David Casarett, a palliative-care doctor at the University of Pennsylvania, said many doctors would agree that advance directives have often been too specific to work in real situations. "It's really, really hard to anticipate what treatments a patient would want and what treatments would be appropriate," he said.
In the last four or five years, there has been a trend toward more goal- or values-based directives. Patients describe the life they want and value, rather than what they think should happen if they have a terminal illness or a permanent brain injury. It can be hard to tell, for example, whether a coma is irreversible or when cancer becomes terminal, but perhaps easier to know is whether a patient is suffering or will ever be able to return to the garden she loves.
There are free online model advance directives easily available, but Ahlswede believes his experience helps him clarify what really matters to clients. "There's just enough uncertainty to create havoc," he said. "They need a guide. I've been up that mountain before."
During a recent meeting with Jim and Judy Snyder at their home in Gwynedd Valley, Ahlswede asked about their health histories, their experiences with the deaths of loved ones, and how they want to live as they age. It was particularly important to Judy to be able to care for herself in her own home. Neither wanted to spend much time on life support if either was unable to communicate.
He wrote simply worded documents for them saying they would prefer to die if they couldn't take care of the house or walk and feed themselves there. They want "comfort therapy with aggressive pain management" if they can't have those pleasures or if they have been in a terminal or minimally conscious state for more than a month.

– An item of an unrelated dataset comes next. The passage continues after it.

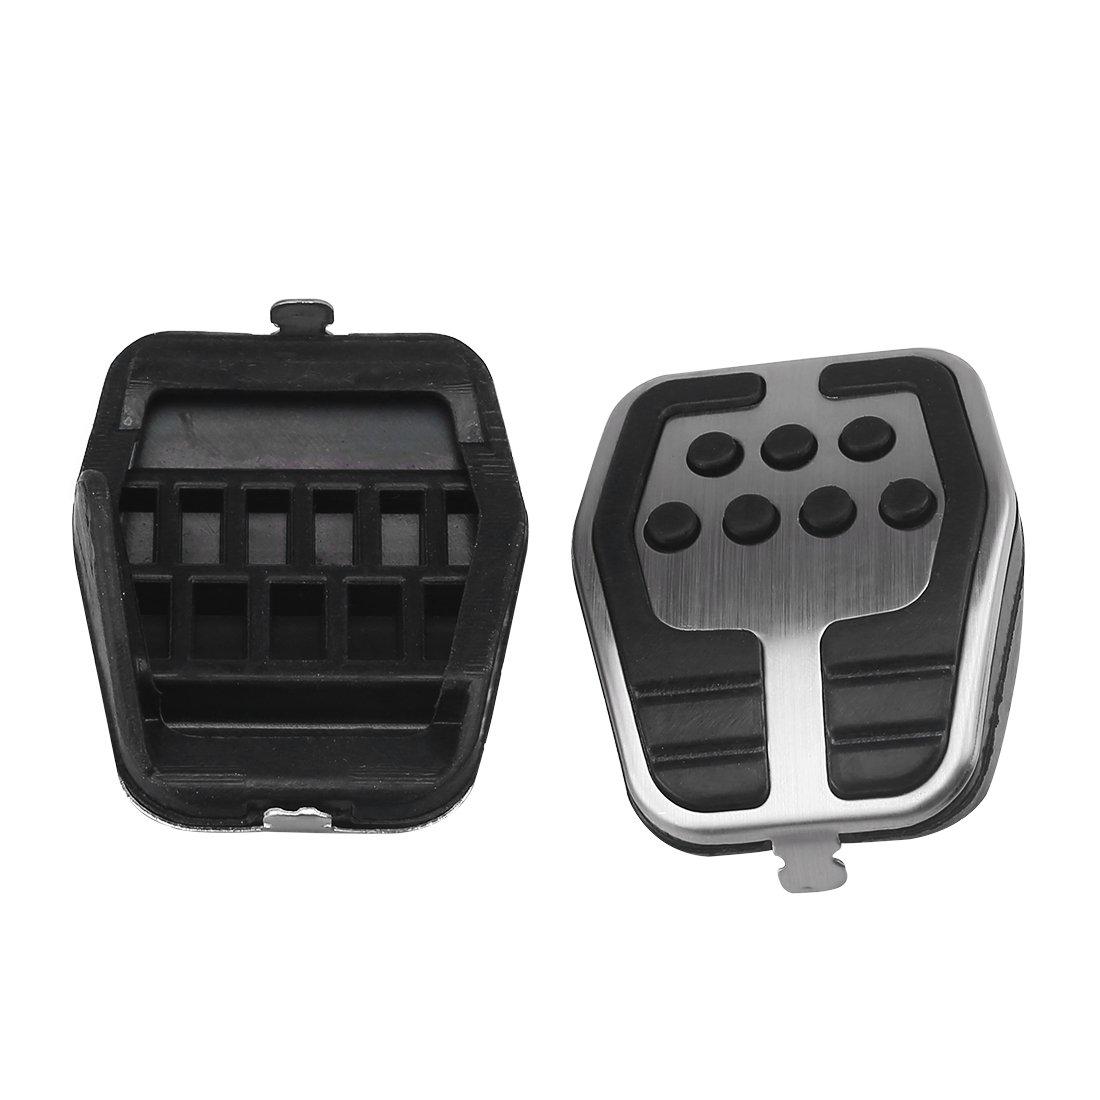 Race Style rutsch Gummi leicht und robust Pedal Cover suparee Auto Pedal Pad Cover Accelerator Brake Clutch Edelstahl passgenau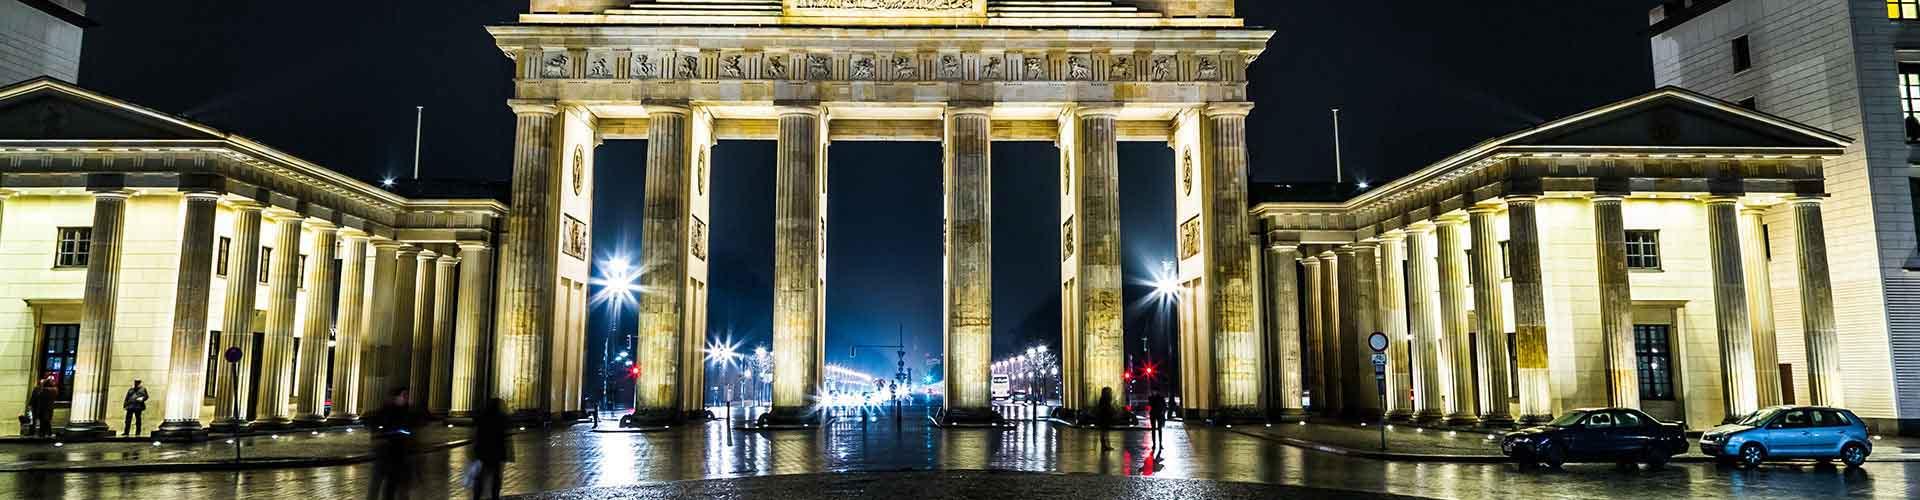 Berlín - Albergues cerca a Puerta de Brandenburgo. Mapas de Berlín, Fotos y Comentarios para cada Albergue en Berlín.

The Snyders, both in their 60s, were pleased. "I think it's time well spent," Jim said. "I feel less stress already," Judy added.
Another client, who has a strong family history of dementia, settled on these words: "If I am unable to walk with minimal assistance, read with comprehension, communicate with my friends, and feed myself in my own home, I would prefer to die."
Some, of course, want more extreme measures.
It's key to remember, Ahlswede said, that, in the absence of instruction, doctors will err on the side of giving more care and that you want to choose a medical-decision-maker who will follow your wishes, not his own.
Ahlswede, whose wife is a palliative-care nurse, said he was drawn to end-of-life medicine because of the need. But he also discovered that, horrible as the family meetings in the ICU can be, he was good at them. "I learned that I can talk about death and dying well. If I've been given a God-given talent," he said, "I can approach this in a respectful way that can help people."
He considers it a privilege to spend time with people who are dying and feels good about the feedback he has gotten from clients who've had family members die.
A nurse friend at Aria Torresdale, where Ahlswede works part time in the ICU, connected him with Barbara Kelly, whose husband was dying of the debilitating neuromuscular disease ALS. He helped her understand her husband's condition and talked with her husband about his wishes. After the family decided to disconnect the breathing machine on New Year's Eve, Ahlswede and his wife went to their home in Northeast Philadelphia to help.
"He's just an angel," Kelly said. "I never knew there were doctors like this. We would have never got through this if it hadn't been for him."
Ahlswede said it was a remarkable way to spend New Year's Eve. As her husband died, Barbara Kelly held him and told him what a great man he was. "It was, in ways," Ahlswede said, "one of the most beautiful things I ever saw."